### Dataset records
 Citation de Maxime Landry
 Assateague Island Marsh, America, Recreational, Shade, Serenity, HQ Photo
* * *
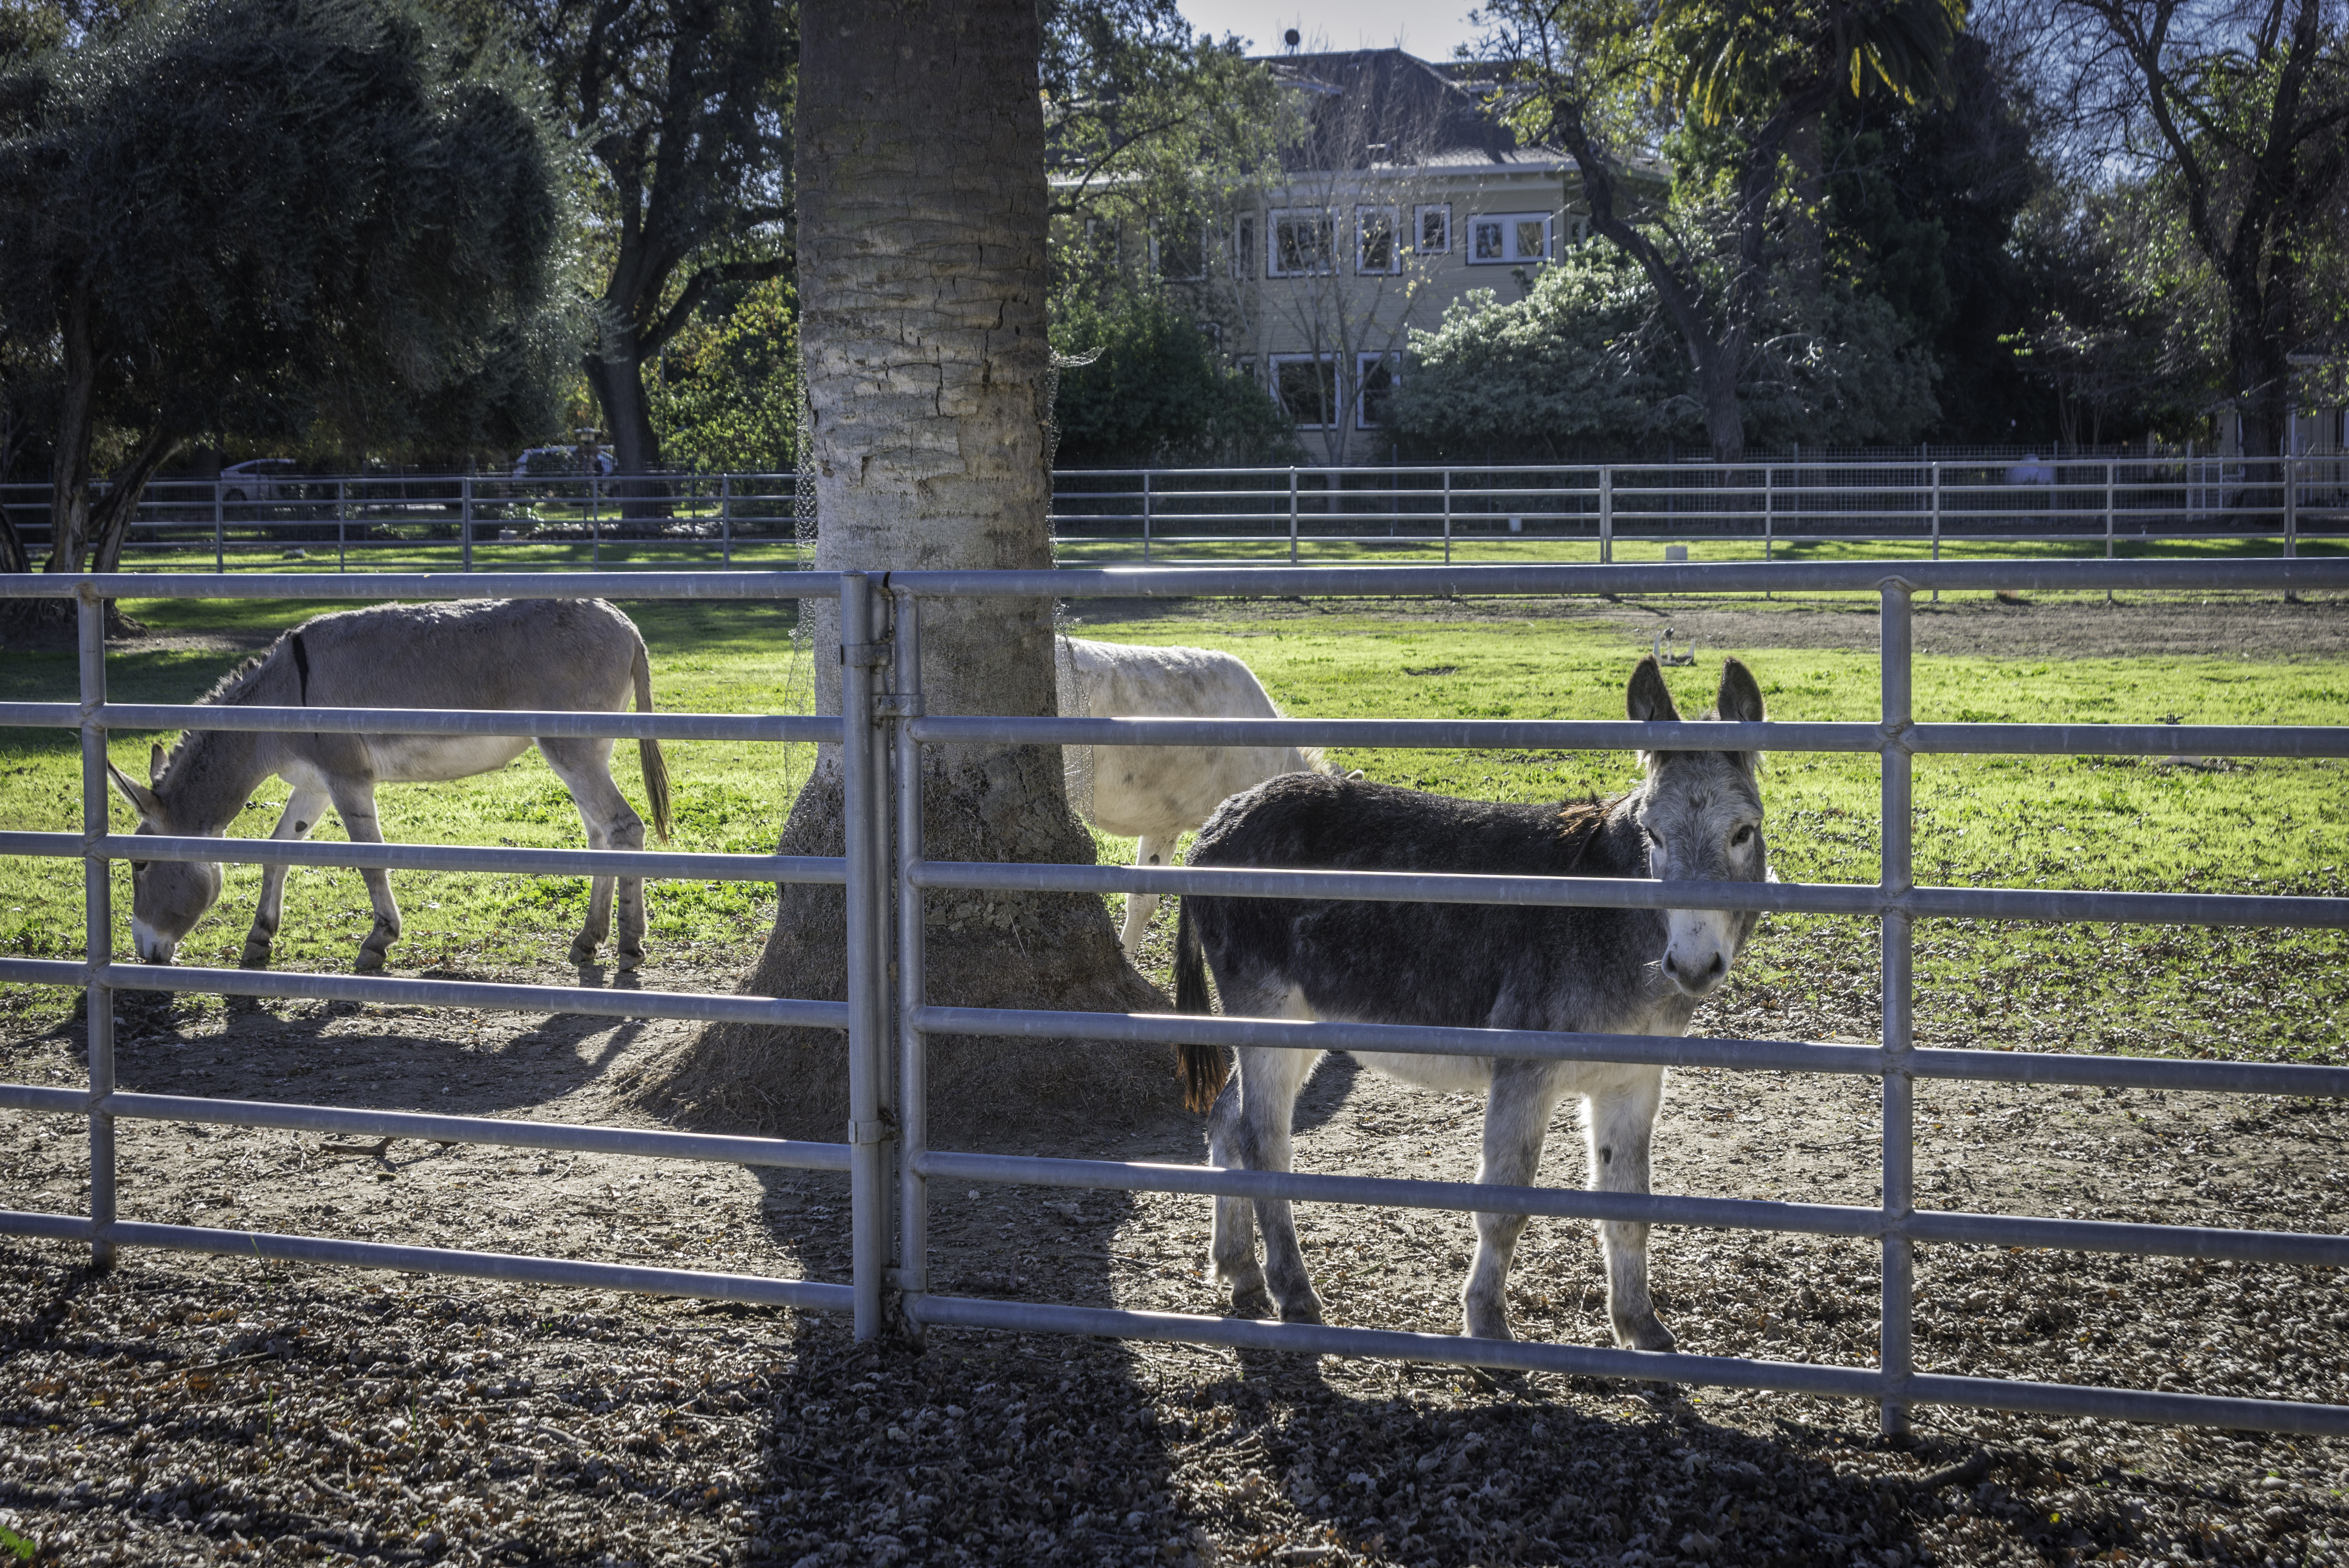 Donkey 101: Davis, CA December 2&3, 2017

### Action item
Would you please copy exactly the part of the entries above that begins at the line containing "Citation de Maxime Landry" and ends at the line containing "Serenity, HQ Photo", both lines included?

### Your response
 Citation de Maxime Landry
 Assateague Island Marsh, America, Recreational, Shade, Serenity, HQ Photo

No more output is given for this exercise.